We could draw this conclusion from the first few verses of chapter 8: If the Macedonians are giving out of their overflow of joy in God, if they beg Paul for the privilege of participating in this partnership with the church in Jerusalem, if they are taking on the character of Jesus, loving with His love, sowing His blessings, all the while glorifying God, then surely they are giving cheerfully. But Paul highlights this point in 2 Corinthians 9:7:
Each one must give as he has decided in his heart, not reluctantly or under compulsion, for God loves a cheerful giver.
Then in verse 8 Paul says God will make all grace abound to them – and that must include the grace of giving (8:1) – so that they can abound in every good work. So we will have whatever we need to be conformed to image of Jesus outwardly as well as inwardly.
In verse 9, the Apostle quotes Psalm 112:9. Note that “he” refers not to God but to the blessed man:
He has distributed freely, he has given to the poor; his righteousness endures forever.
The key phrase, repeated in the psalm, is “his righteousness endures forever.” That is, using New Testament terminology: “What he does in conformity with the character of Jesus will have an eternal impact.” Who is this true of? Verse 1 of the psalm tells us: “Blessed is the man who fears the LORD, who greatly delights in His commandments.” This is the person who knows who he is before God because of the work of Christ, who finds his identity, security, and joy in God.
I encourage you to read the psalm in its entirety, and to look for ways that the psalmist makes clear that the “blessed man” has his identity, security, and joy in God. For our purposes today, however, it is sufficient to see that Paul quotes the psalm because the blessed man has great joy as he sees his giving as part of God’s plan of blessing.
Turn now to verse 10:
He who supplies seed to the sower and bread for food will supply and multiply your seed for sowing and increase the harvest of your righteousness.
Paul here alludes to Isaiah 55:
For as the rain and the snow come down from heaven and do not return there but water the earth, making it bring forth and sprout, giving seed to the sower and bread to the eater, so shall my word be that goes out from my mouth; it shall not return to me empty, but it shall accomplish that which I purpose, and shall succeed in the thing for which I sent it. (Isaiah 55:10-11)
God supplies both the inputs into the production process – seed – and the outputs of that process – not just wheat, but what the wheat becomes after it is dried, ground, kneaded, and baked. Just so, He will give you what you need in order to glorify Him, and will see to it that He is indeed glorified as you give of yourself, your time, and your resources in accord with the character of Christ. Your righteousness will endure forever, to God’s glory among the peoples.

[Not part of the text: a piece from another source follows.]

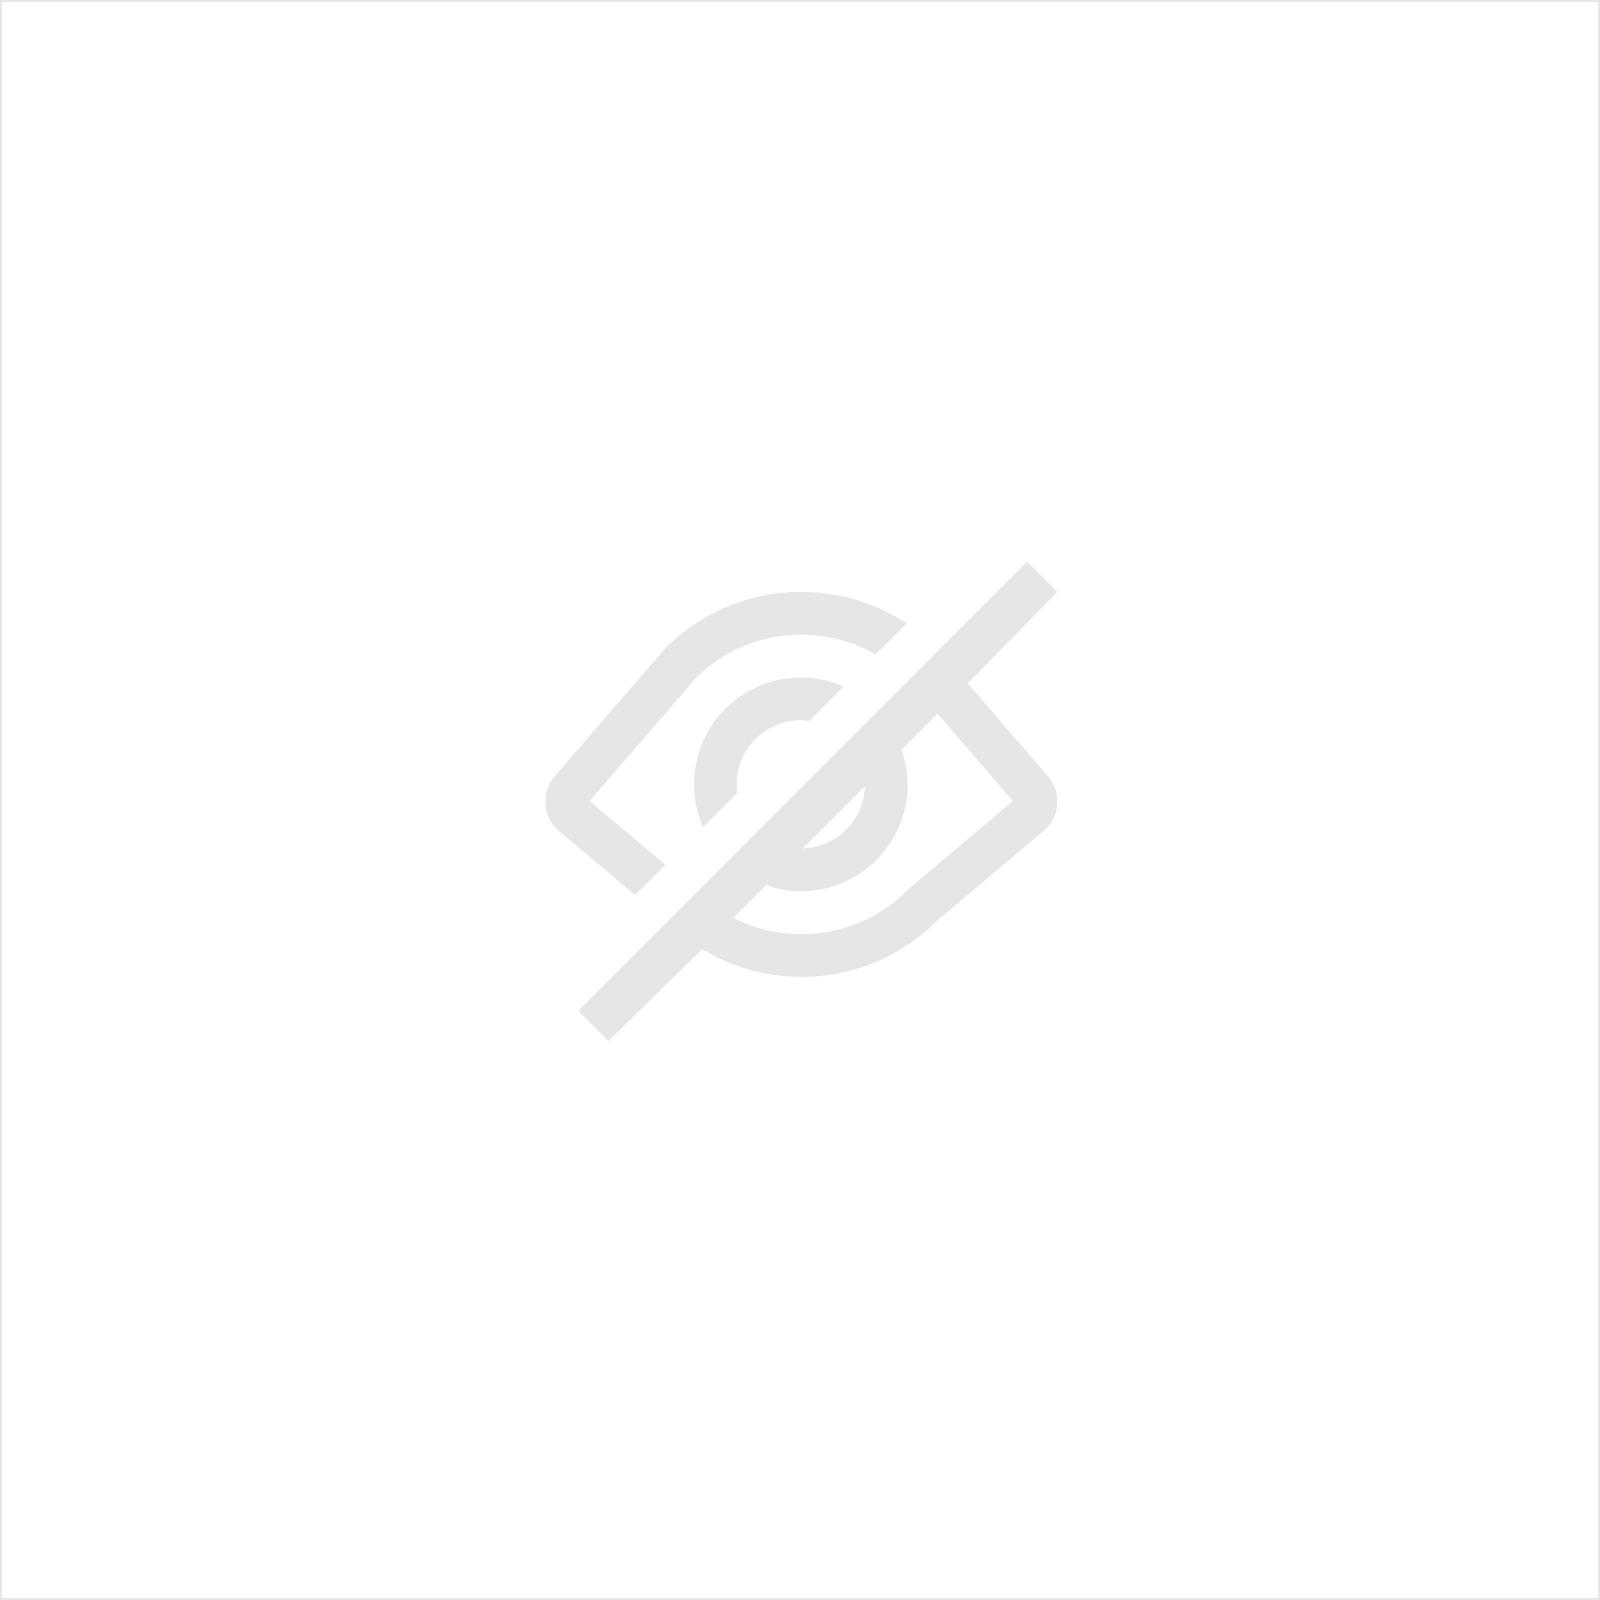 MINI CISAILLE CIRCULAIRE CAPACITE 0,8 MM

Then verse 11 in 2 Corinthians 9:
You will be enriched in every way to be generous in every way, which through us will produce thanksgiving to God.
That is: You will be enriched in every necessary currency so that you can show sincere concern in every way. And this, as we have seen, produces thanksgiving to God, glory to God, and love for the givers (verses 13 and 14).
Paul then concludes in verse 15: “Thanks be to God for His inexpressible gift.” This is what all Christian giving is about. We are showing what God is like, as Jesus showed us what God is like. This is the source of our joy. This is why we can give cheerfully. We are displaying His character. We are accomplishing His purposes. We are actualizing what our Creator intends us to be.
Becoming a True Christian Giver
You may say: “OK, Coty, I’ve understand the conceptual point: My identity, security, and joy must be in God. The greatest gift is indeed His gift to us. And I realize that even my giving is a grace from Him. So, with all confidence in His future grace, I must give myself to God first, and then take on the character of Jesus and cheerfully give blessings to others. Furthermore, from the sermon on spending, I understand that I must set aside for giving a portion of all I receive up front, before I spend anything else, so that I am not giving out of my excess, but out of all that comes in. And I even get the idea that giving must be individual – I know you can’t tell me to give certain percentage or a certain dollar amount.
“But still: I have to decide. I have to budget. What do I give? Everything? A tithe? If so, a tithe of what? Of my Income? Of my assets? You’ve said that biblical teaching has to be more nuanced than ‘give 10% of your income.’ Well, it’s time for some nuance.”
That’s a good question. Here are my suggestions, built on what we have seen in Scripture:
- First: Consider and meditate on the question in the sermon series title: Where do you find identity, security, and joy? Repent of dependence on anything other than God in these areas.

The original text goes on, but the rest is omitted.